Retail sales rose 3.6% in May from a year earlier, government data showed on Wednesday, slightly higher than the median market forecast for a 3.3% gain.

It followed an upwardly revised 3.1% increase in April and marked the third month of advancement since March, when the government lifted all coronavirus restrictions on face-to-face services nationwide.

On a seasonally-adjusted month-on-month basis, retail sales advanced 0.6% in May, after a 1.0% growth in April.

Japanese consumers dined-out and took domestic trips during the “Golden Week” holiday season towards early May, enjoying the break without COVID-19 curbs for the first time since 2019.

The rebound in service consumption and the broader household spending likely boosted the world’s third-largest economy, with analysts in the latest Reuters poll expecting an annualised 4.1% growth in Japan’s gross domestic product this quarter after a 0.5% contraction in January-March.

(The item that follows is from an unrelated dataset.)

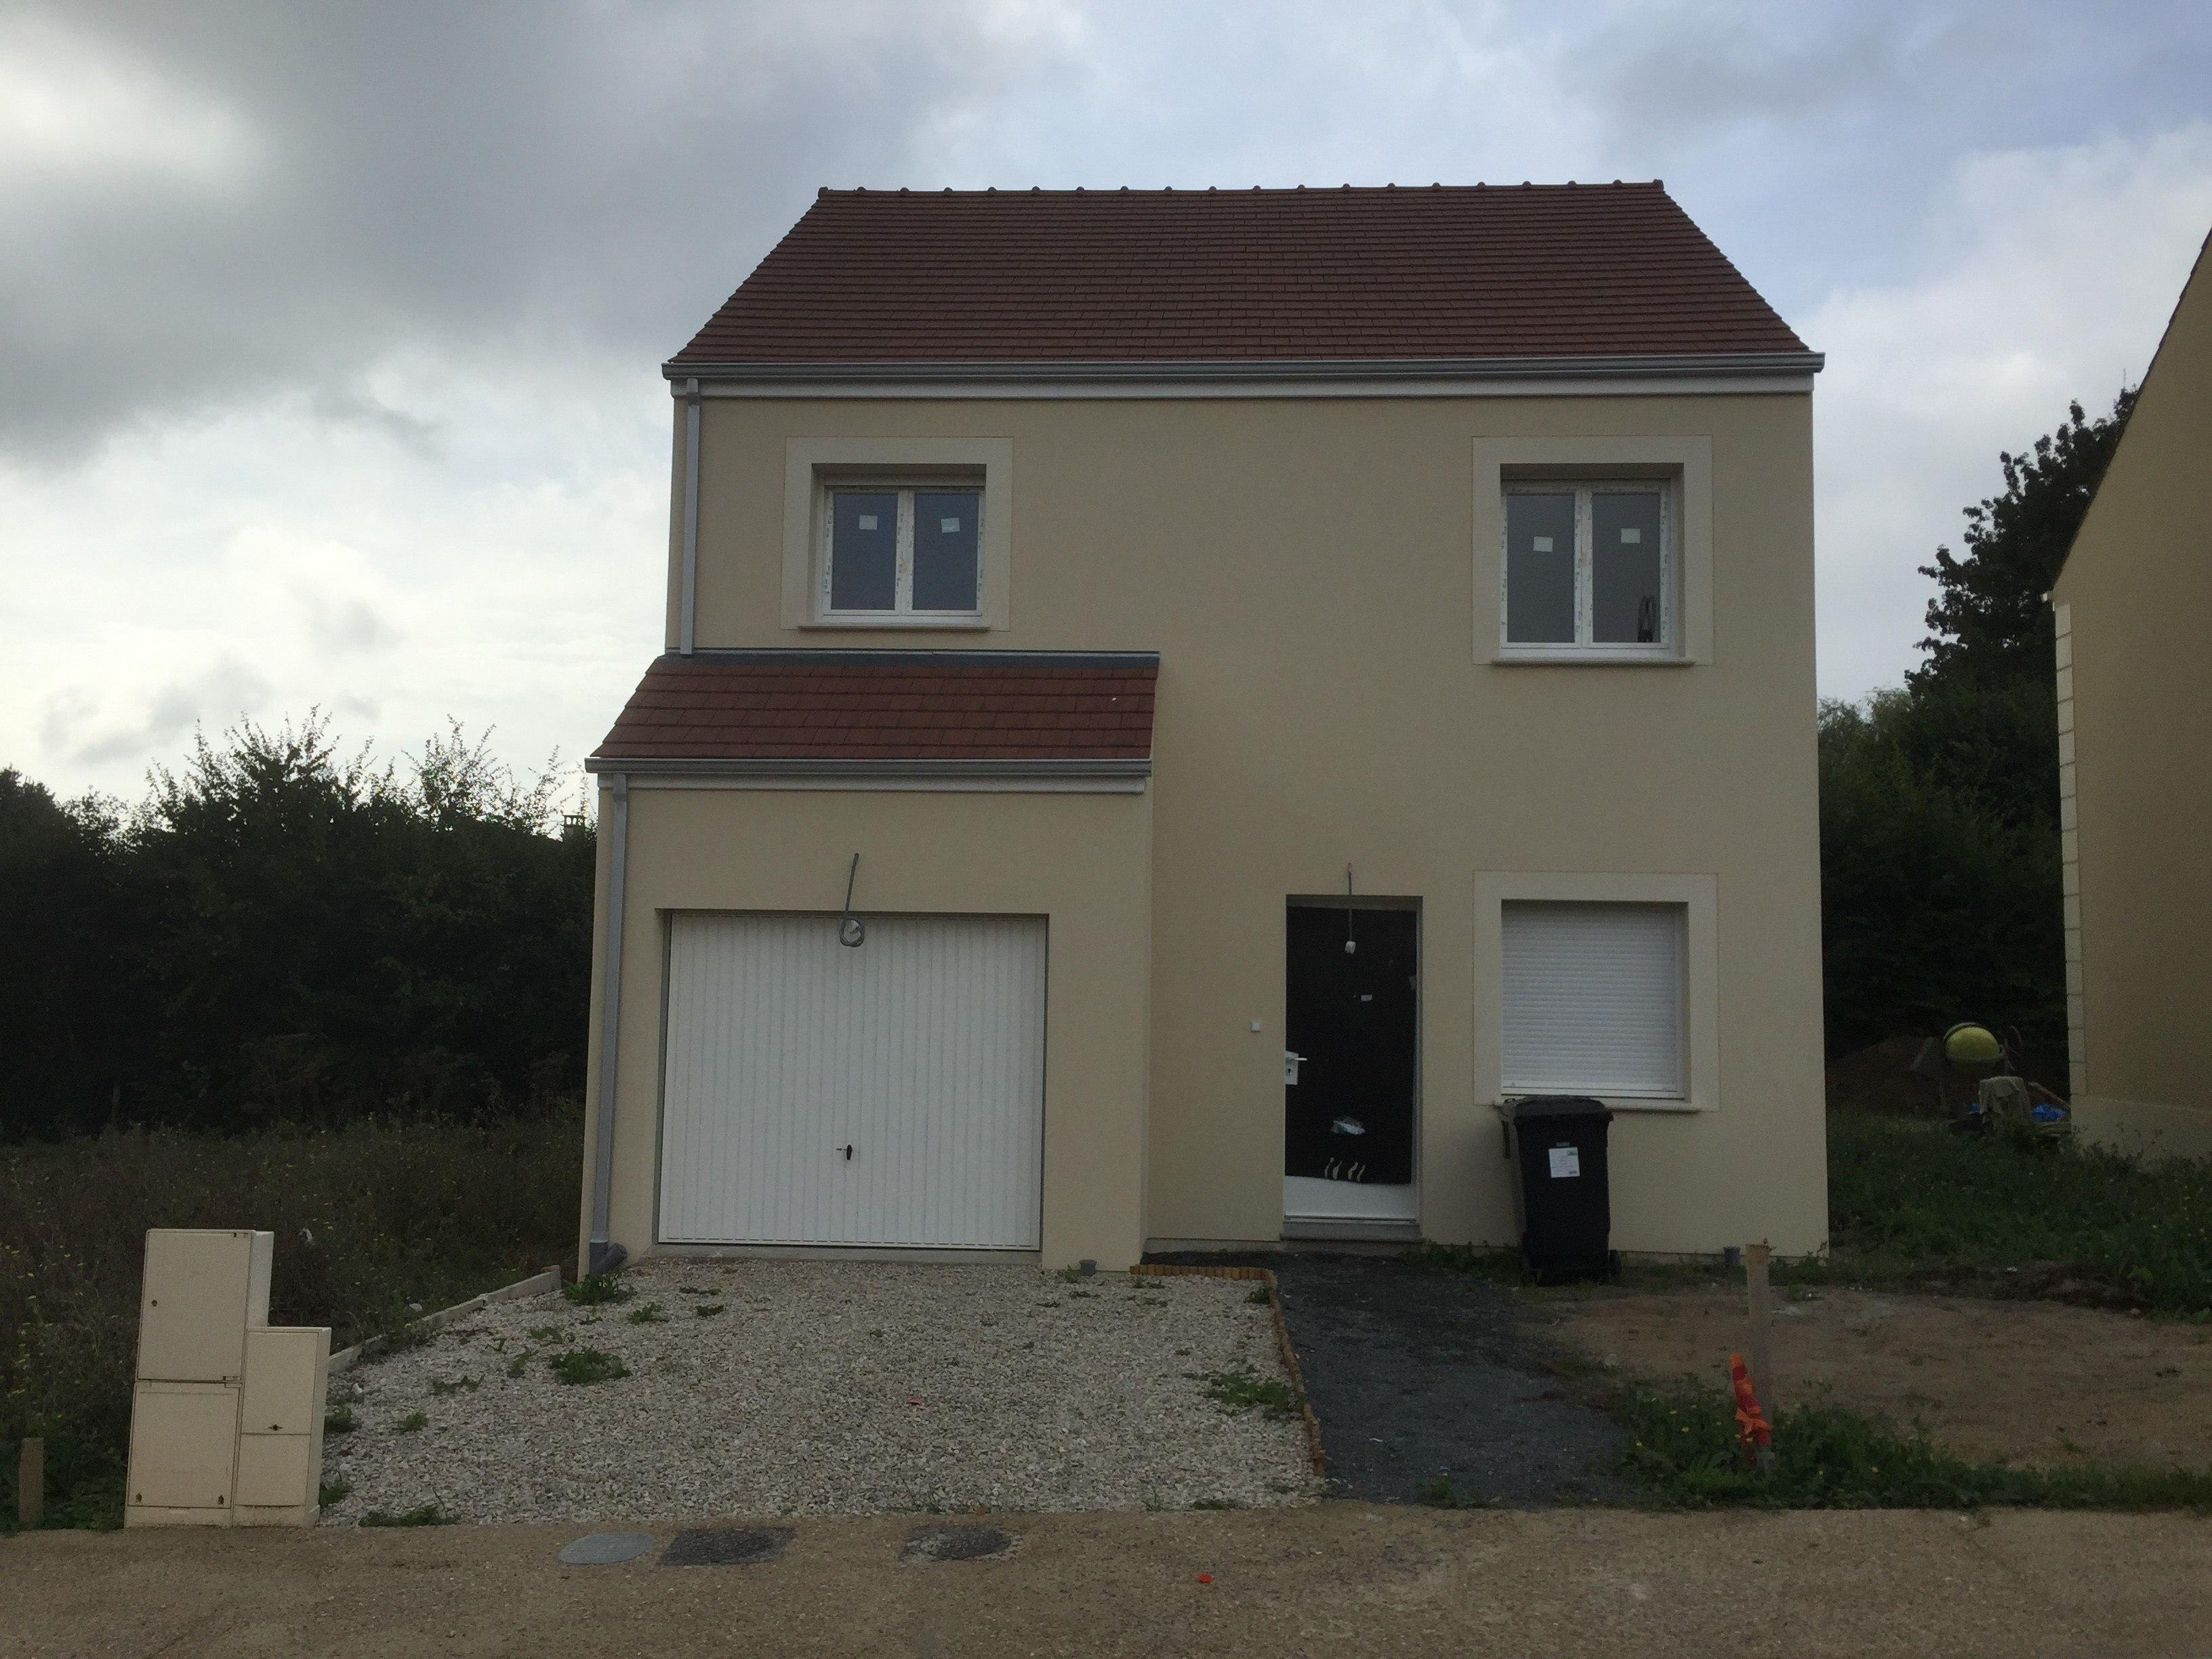 Maisons + Terrains du constructeur LES MAISONS.COM AULNAY SOUS BOIS • 86 m² • COUBERT

However, the rising cost of living due to higher commodity prices and the yen’s decline to 24-year-lows have stoked fears Japan’s consumption-led recovery could be undermined throughout the rest of this year.

Consumer inflation has taken centre stage heading into next month’s national upper house election, hitting Prime Minister Fumio Kishida’s approval ratings although his ruling party is still widely expected to claim victory.